Big-time dunk Luke Maye dunk, assist from Pinson.— Dadgum Box Scores (@dadgumboxscores) December 17, 2017
Theo has 7 assists and 5 rebounds. pic.twitter.com/FsnKnQYqlQ
Maye finished tied with his classmate Kenny Williams for 15 points, only topped by Berry’s 21. It may not be his biggest point total of the season, but it may be his most important to date, as it showed he can recover from a rough start. It won’t be the last time a team works to deny him the ball, and seeing him adjust and find his way back into the offense was good. It’ll come in handy during ACC play.
Jalek Felton still has some growing pains
One of the reasons Maye wasn’t able to get into the flow in the first half was the two fouls from their senior point guard. Roy Williams pulled Berry soon after his second foul, and opted to give the freshman Felton the rest of the half to show what he could do.
It was a typical December move by the veteran head coach. With Seventh Woods likely to be out for a significant portion of the season, if not the whole rest of it, Williams opted to use this as a teaching moment for the young Felton. Today won’t be the last time that Berry will have foul trouble in the first half, as we all remember that Duke game in the ACC Tournament all too well. As Felton is going to be the only backup, it was important for him to take the helm in a big road game to see what he could do.
Felton struggled, there’s no other way to say it. The freshman missed the only two shots he took, had three turnovers, and only two assists. When he was out there, it was a reminder of just how firm a grasp of the offense that Berry had while reminding us how much Felton has to learn. He didn’t do himself any favors in the second half when he lost the ball trying to dribble it between his legs while Williams was doing his “sit Berry before the TV Timeout to steal more rest for him” move.
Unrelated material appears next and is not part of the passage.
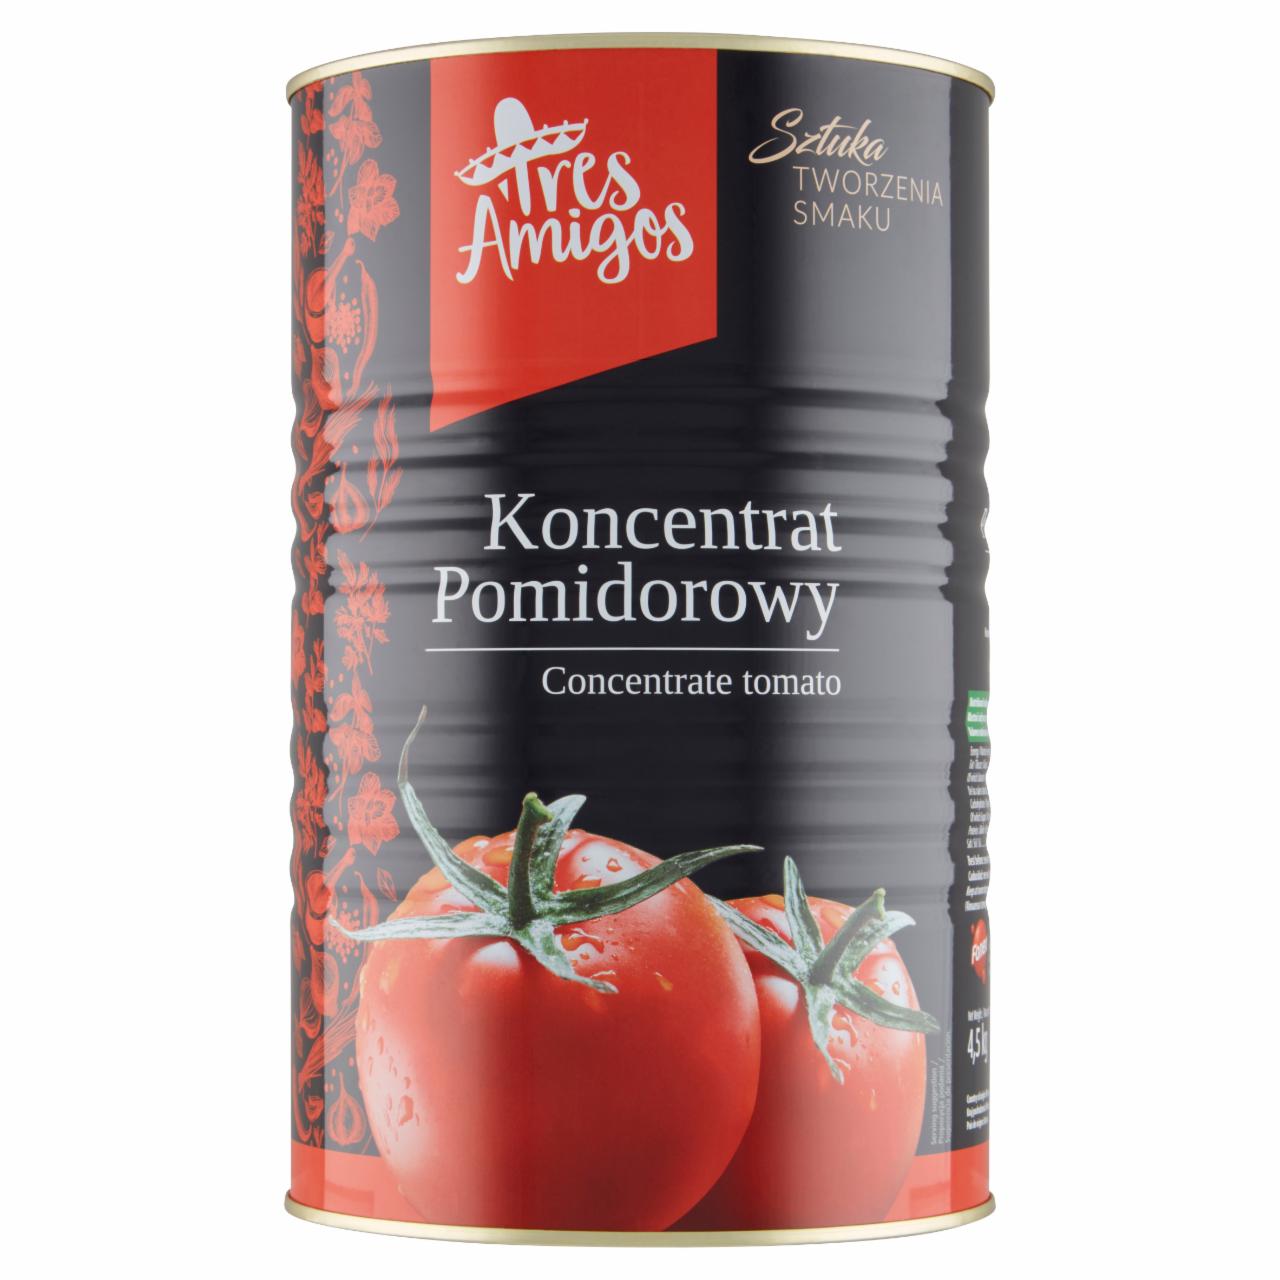 Zdjęcia - Tres Amigos Koncentrat pomidorowy 4,5 kg

That said, Tennessee was never able to completely cut out the legs from Carolina. Despite the struggles, the play at the end of the first half was what you want to see from Carolina Basketball. It should help teach the freshman that what he got away with in high school won’t work at this level, and the experience will pay off in the long run. In the end, Carolina got the win with Berry only playing 28 minutes against a top 20 ranked team. There’s a lot to work with.
Overall, to say this is a good win is an undersell. When you look at the circumstances, this is their best of the season so far. It’s also the type of game that the NCAA committee remembers in March when they are setting up seeds. Next up, a sneaky Wofford team that already has a win over the reigning ACC Coach of the Year.